In this example, a simplified net profit formula is used: PE = Revenue - Cost.

We carry out factor analysis.

Change in profit: 1,800 - 5,400 = -3,600 thousand rubles.

Change in sales: (32,000: 43,000) x 100 - 100 = -25.58%.

(5400 x (-25.82)): 100 = - 1394.28 thousand rubles.

The influence of price dynamics: 41,000 - 32,000 = 9,000 thousand rubles.

The impact of cost: 27 350 - 39 200 = - 11 850 thousand rubles.

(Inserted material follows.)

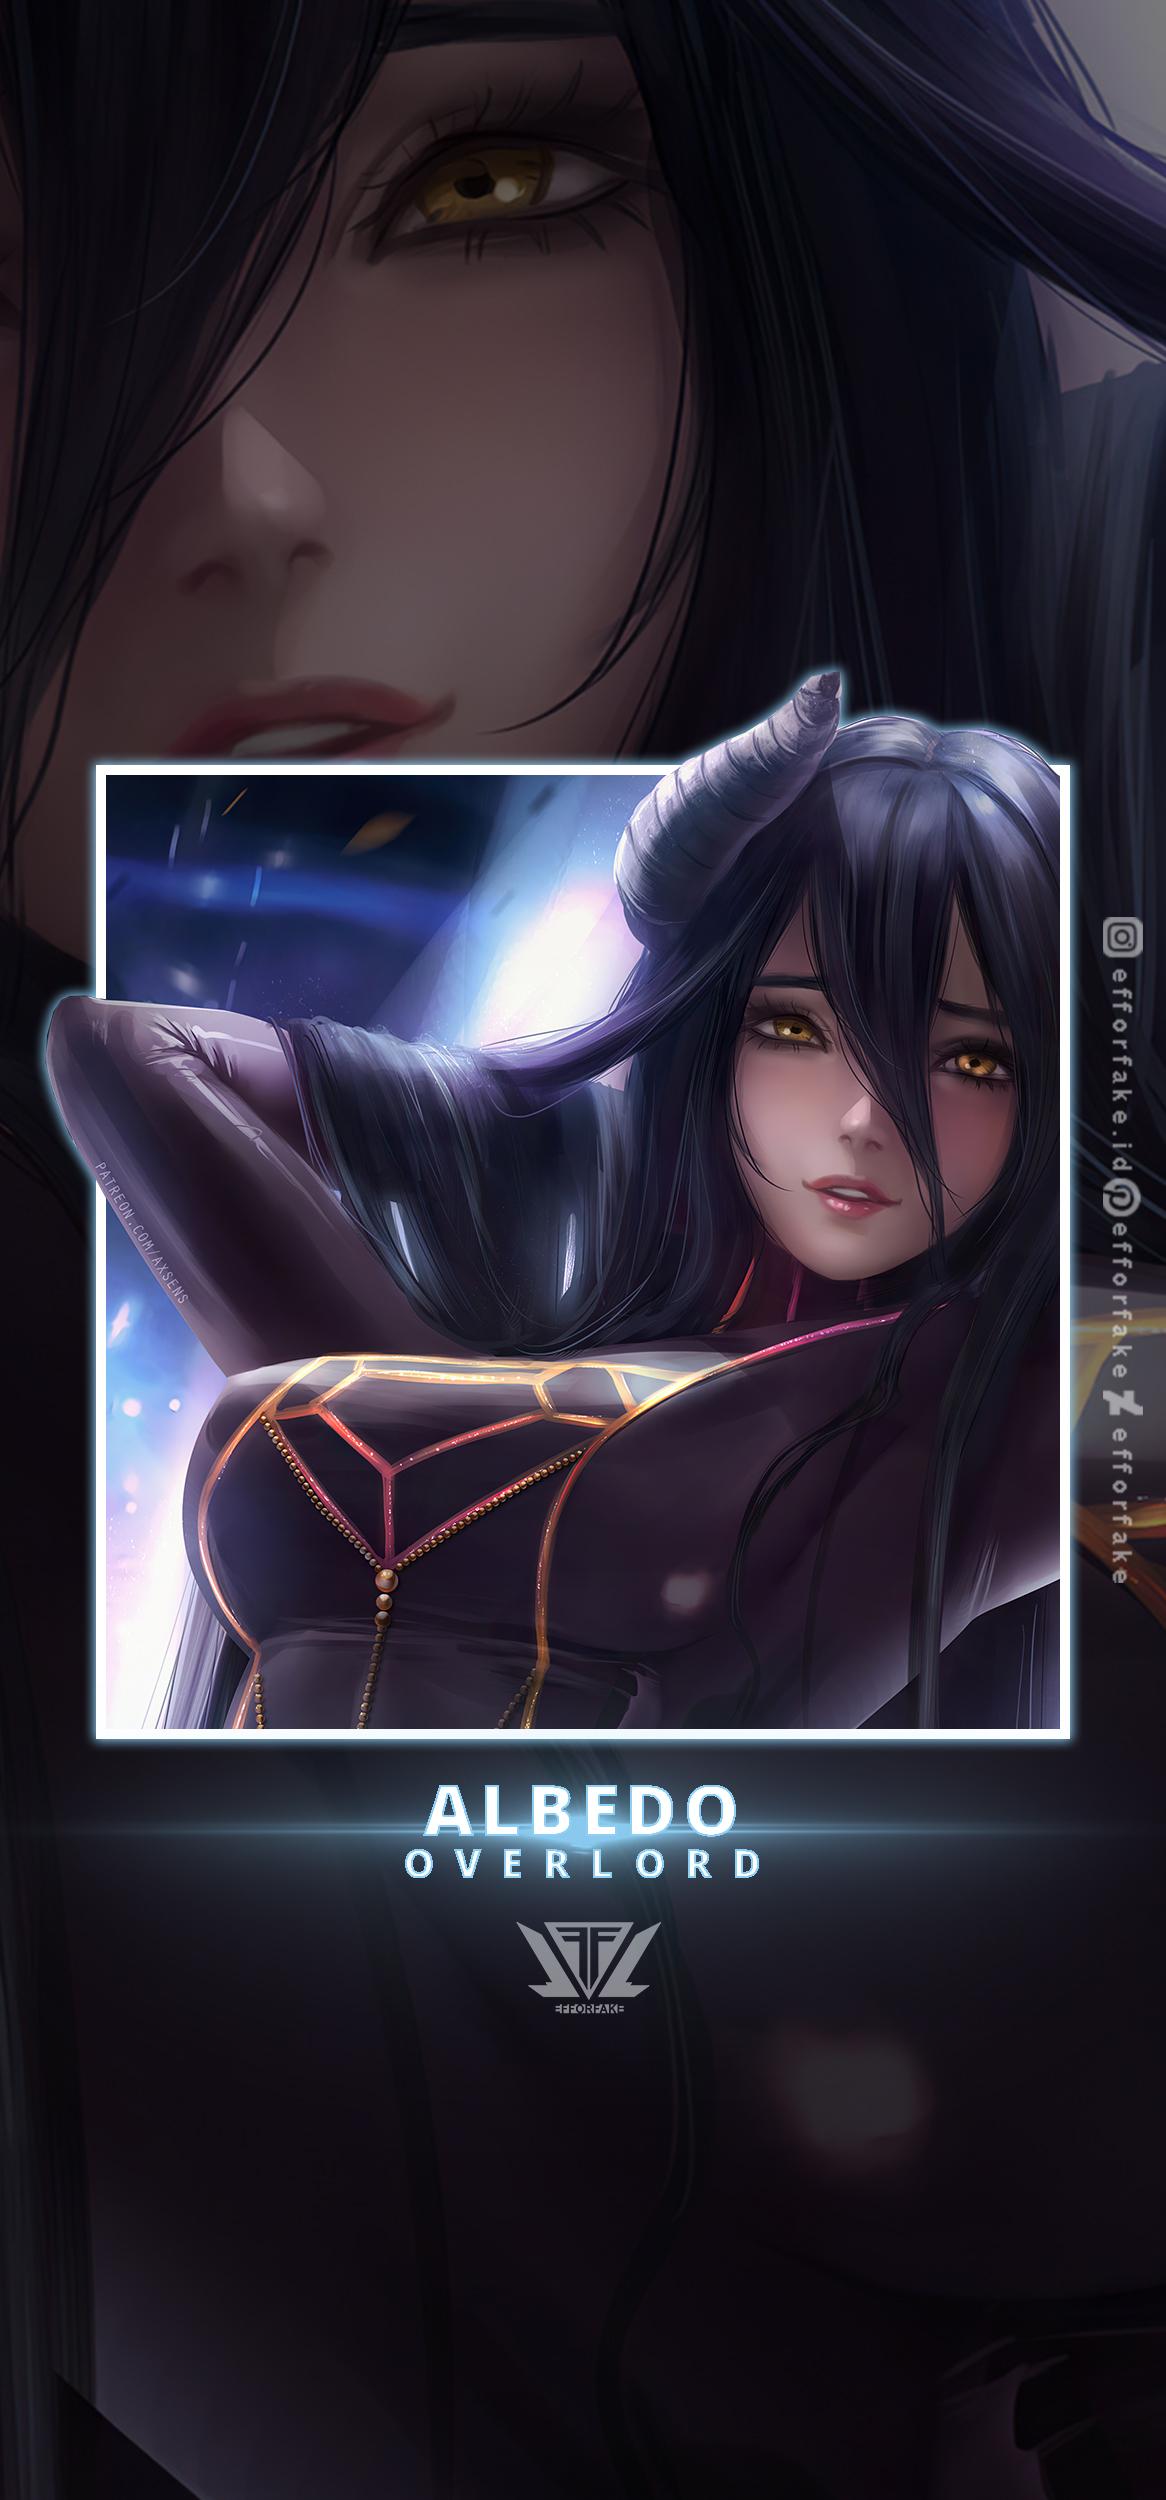 Albedo Overlord Wallpaper By Efforfake On Deviantart

Conclusion: for the reporting period, the net profit of the organization decreased by 3.6 million rubles. Due to revenue, revenue decreased by 25.58%, that is, by 1394.28 thousand rubles. The negative impact also had an increase in cost. Price increase of 9 million rubles. could not compensate for the decrease in income due to an increase in costs by 11.85 million rubles.

Taxation

The organization is required to pay tax quarterly. Its value is determined by subtracting benefits from the total profit (% on debts, advertising costs, transportation costs, etc.), tax rebates. NPP is charged proportionally at a rate of 20%. Funds are allocated to replenish the state budget.

BOO

The net profit indicator is reflected in account 99. Depending on the outcome of the transaction, the amount is carried out according to DT or CT:

  • DT90 (91) KT99 - profit from the results of the main (non-core) activity.
  • DT99 KT90 (91) - loss is reflected.
  • DT99 KT94 - Deducted net profit for the year.

Efficiency

Profitability is relative indicator which displays the quality of asset use. It is calculated by dividing income by the value of resources.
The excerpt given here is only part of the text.